MAP pulled together a large array of observational platforms: The S-Pol radar was temporarily sited on a landfill at Vergiate in the Lago Maggiore region. The radar was used to study the intense weather events over Northern Italy caused by Mediterranean moisture being pushed against the Alps. Precipitation products were sent from the radar site to the MAP Operations Center in Innsbruck and the Project Operations Center at the Milano-Linate airport. Additional radars from France, Switzerland and Italy as well as the Doppler on Wheels from the University of Oklahoma joined forces with S-Pol and complemented the radar data set.

The NCAR Electra was equipped with the ELDORA radar, GPS dropsondes and SABL, which was used to find gravity waves over the Alps. The Electra joined a fleet of seven other aircraft and operated out of Innsbruck, Austria.

Additional measurements were made by a network of wind profilers, lidars, sounding systems, automated weather stations and rain gauges located all over the Alpine regions.

There were two major foci for the U.S. component of the MAP Program: (1) Wet MAP - Orographically generated heavy precipitation events, with special emphasis on dynamics, microphysics and hydrological consequences; and (2) Dry MAP - terrain-induced airflow phenomena, with emphasis on upper-level gravity wave breaking, potential wave breaking, potential vorticity generation, generation and gap flow through the mountain passes.

Coordinated Electra and P-3 missions were flown on numerous Wet and Dry MAP cases providing excellent geophysical coverage on specific events and opportunities for validating ground radar measurements with aircraft in-situ cloud physics measurements.

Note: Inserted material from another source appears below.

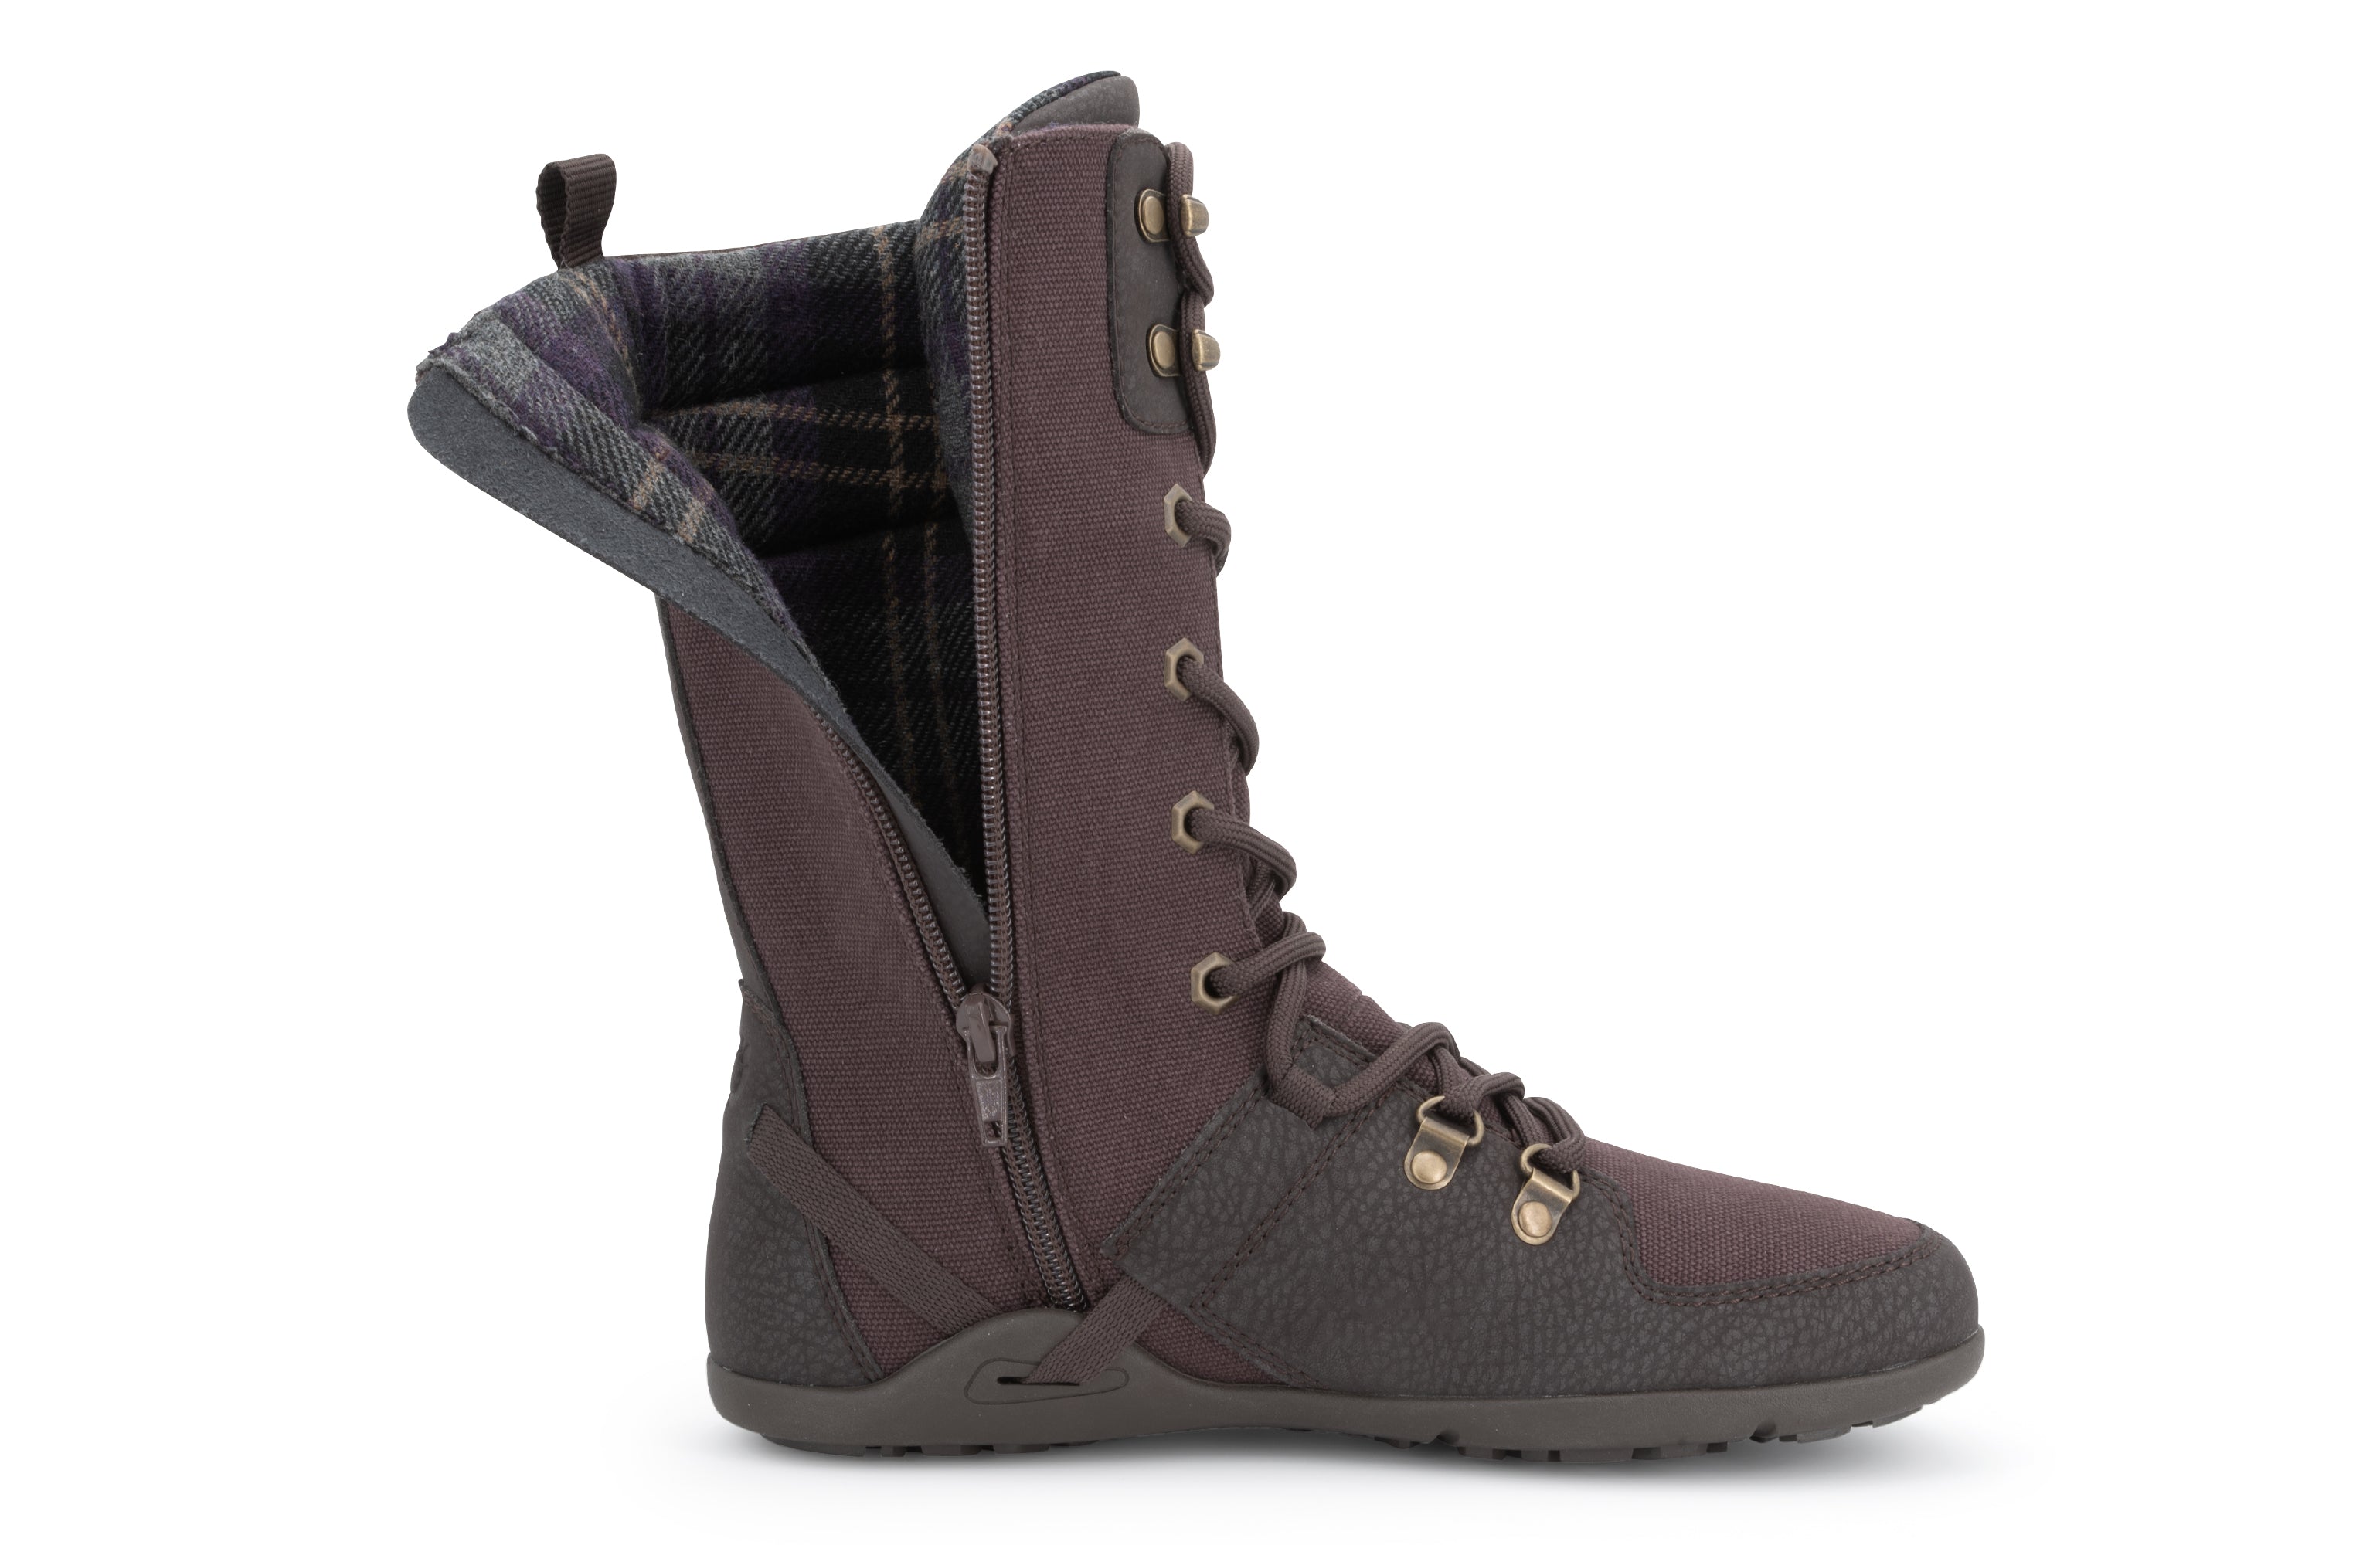 Xero Shoes Mika barfods vinterstøvler til kvinder i farven chocolate plum, detalje

Scientific directors for MAP were Philippe Bougeault (Météo-France) and Ron Smith (Yale University) for the first and second halves of MAP, respectively. Bob Houze (University of Washington) was overseeing the Wet-MAP component from Linate. The MAP project was supported by staff from RAF, RSF, SSSF, RDP and DFS under the leadership of project managers Allan Schanot, Krista Laursen, Dick Friesen, Wen-Chau Lee, Tammy Weckwerth, Jothiram Vivekanandan and Jim Wilson.